- Your assignment
Every line from the one containing "Hallmarked." to the end of the records below must be copied exactly, and no pictures may be included.

- Supplied records
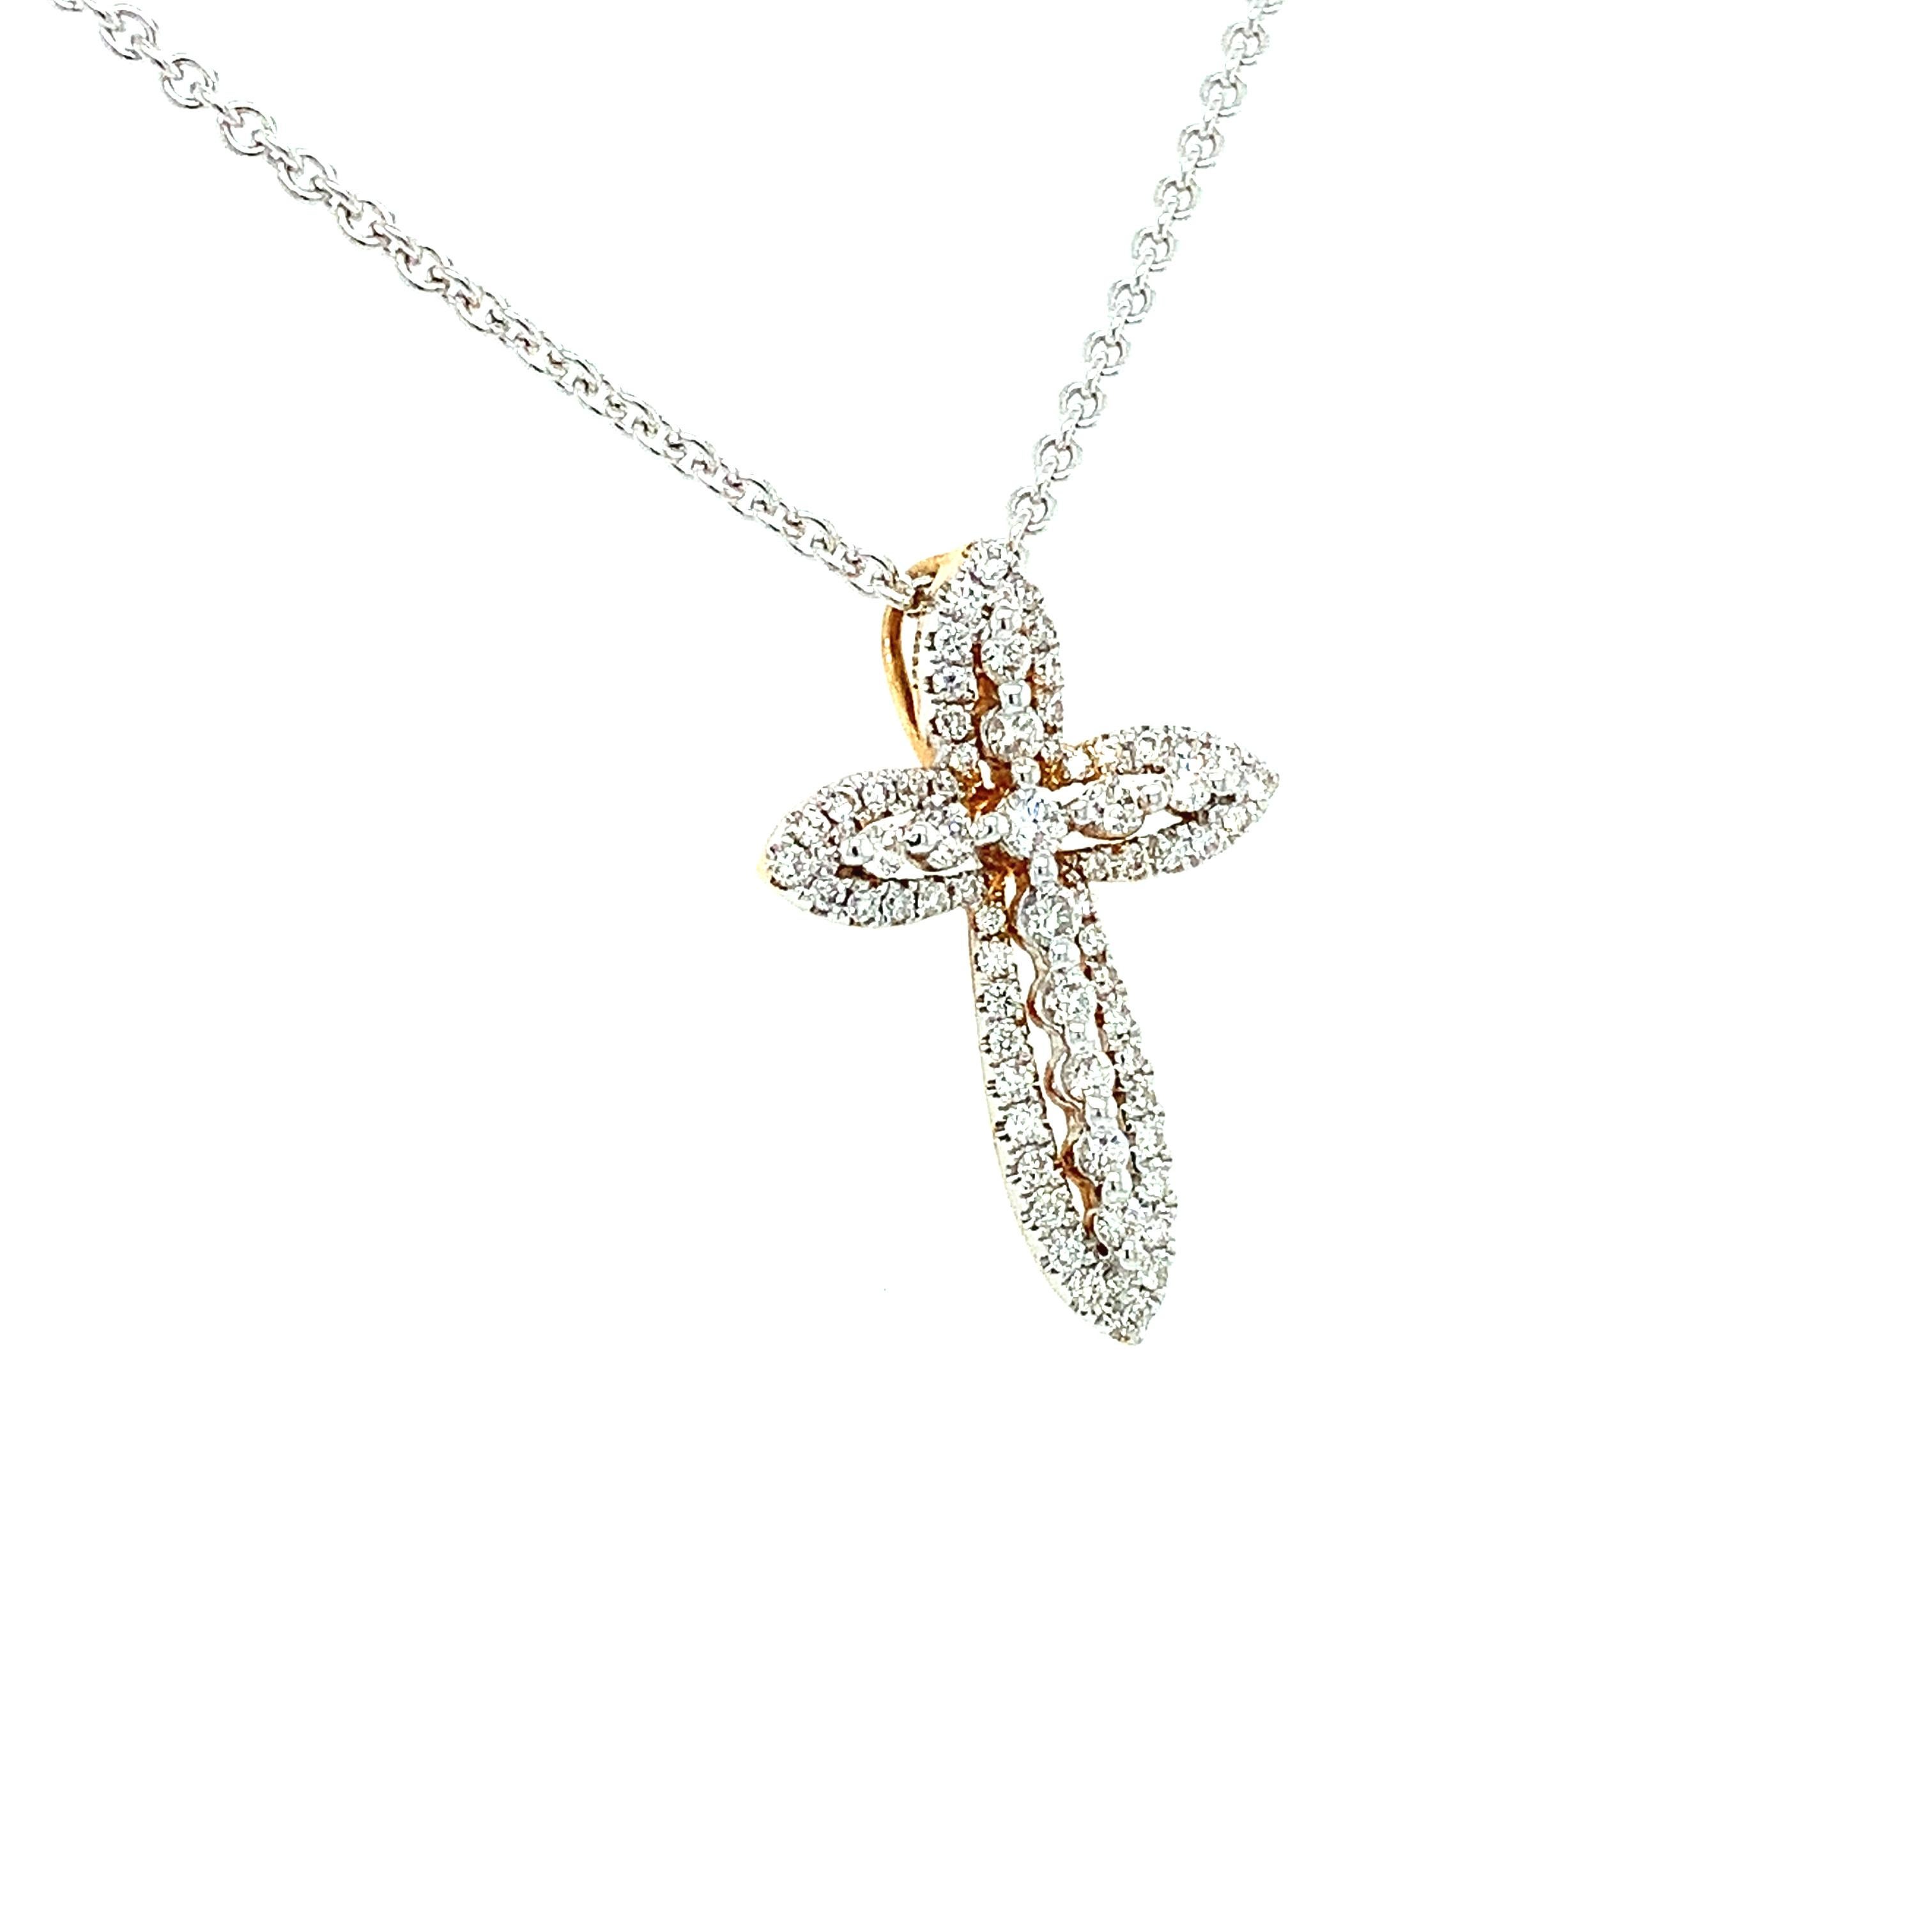 Round diamond cross pendant necklace in 18k white gold.
Round brilliant diamond total weight 1.06ct G colour, VS1 clarity
Hallmarked.
Chain length 18 inches
Cross measurements approximately 23x17mm
Valuation included.
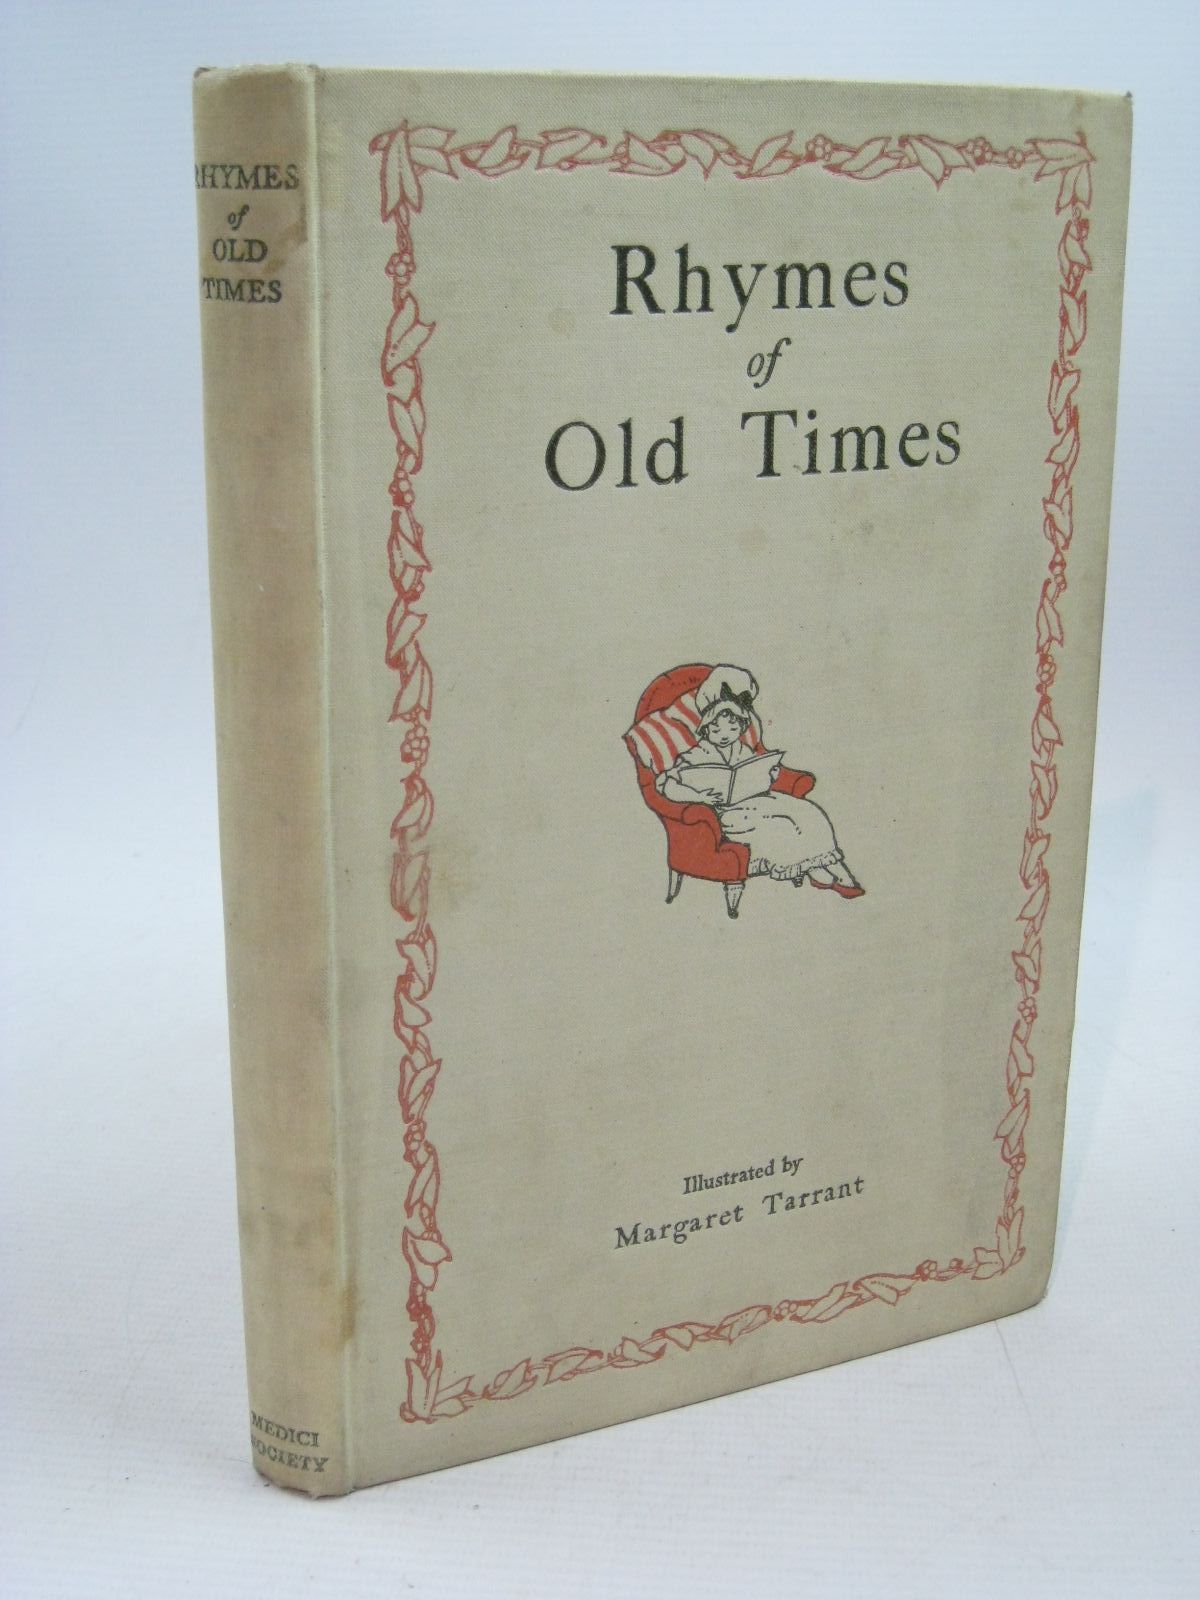 ILLUSTRATED BY TARRANT, MARGARET - Rhymes of Old Times

- Result for this task
Hallmarked.
Chain length 18 inches
Cross measurements approximately 23x17mm
Valuation included.
 ILLUSTRATED BY TARRANT, MARGARET - Rhymes of Old Times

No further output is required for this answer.